How do the people at CVS not know your living in their bathroom?
He's trying to row the canoe up my front yard like he is Lewis and Clark.
She was either really drunk or really not interested. Everytime I tried to ask her about herself she would respond with a line from Stepbrothers.
He did the "not my house dance." Apparently it involves spreading cereal on the floor and then grinding into the carpet in bare feet while singing "not my house" over and over and dancing.
Oh shut up man. Once the police get involved its every man for themself.
Just heard the words 'Pussy Riot' on NPR...I almost crashed my car.
He kept walking up to every girl at the party saying "Hi, I'm George Clooney. No I won't marry you." He left with three girls.
oh and apparently my boobs are named "have no fear" and "plenty o'beer"
I think the biggest problem with being overhigh is when the kitchen was on fire and I was pointing and laughing and eating rootbeer oreos like it was fucking Ozzfest 2000
Woohoo! Instead of a pregnancy test you can buy me a burrito
So... How much of our rent is drug money?
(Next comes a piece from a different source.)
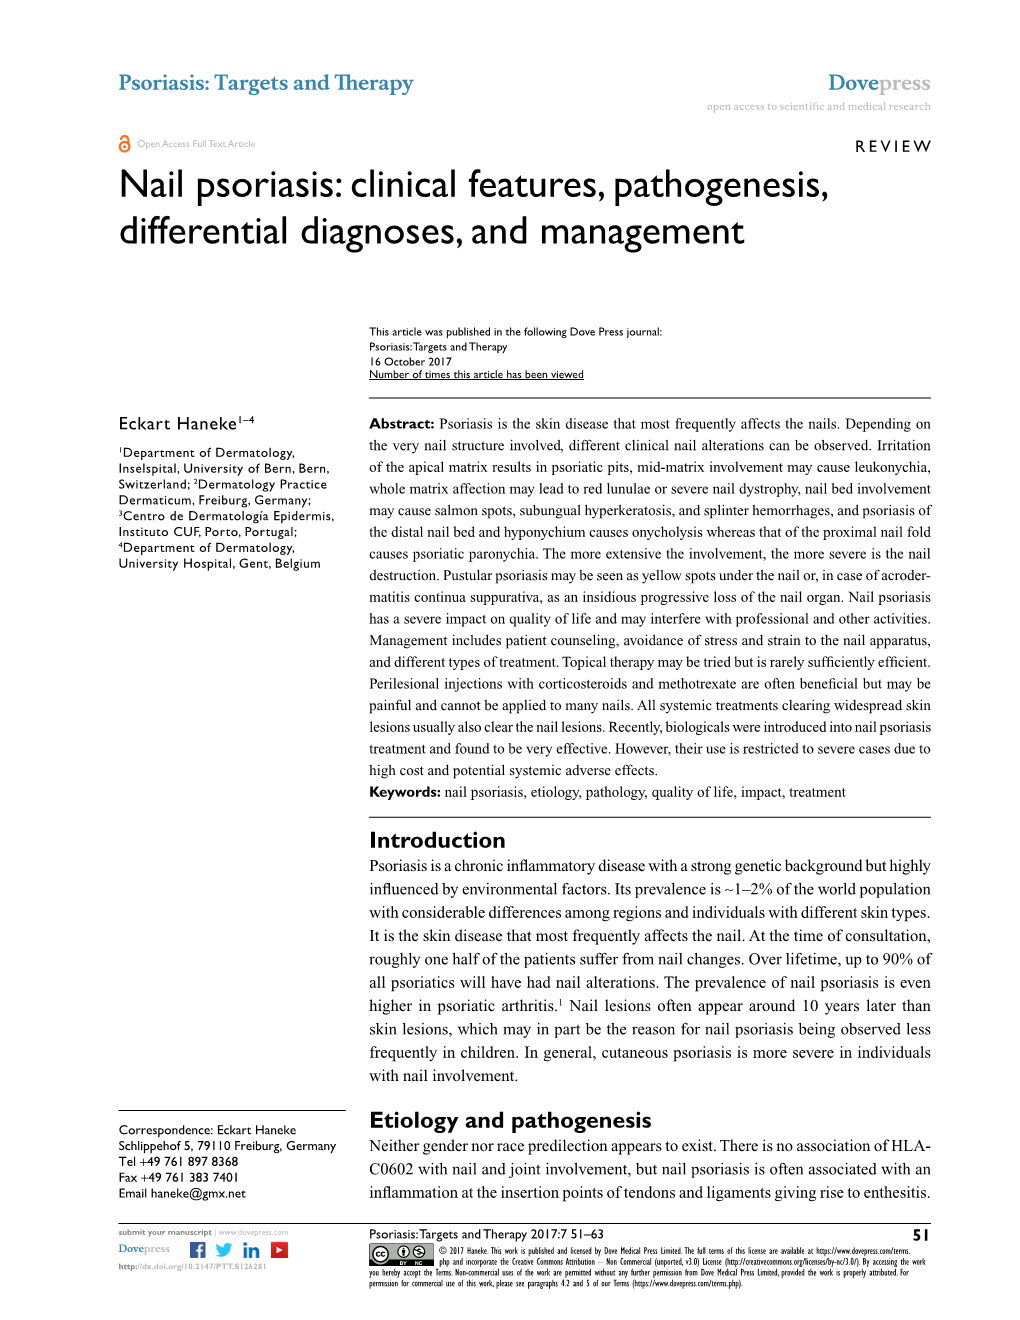 Nail Psoriasis: Clinical Features, Pathogenesis, Differential Diagnoses, and Management

I'm drunk doing an ab workout. I can only hope I make it to bed tonight.
How exactly does a handjob become fancy?
Blueberry lube, and champagne.
How I know that I'm single: when I get a save the date for a wedding & I read "& guest" my first thought was does my bottle of Jack Daniels count.
Remember those neighbors I thought were FBI agents? Turns out they're DEA.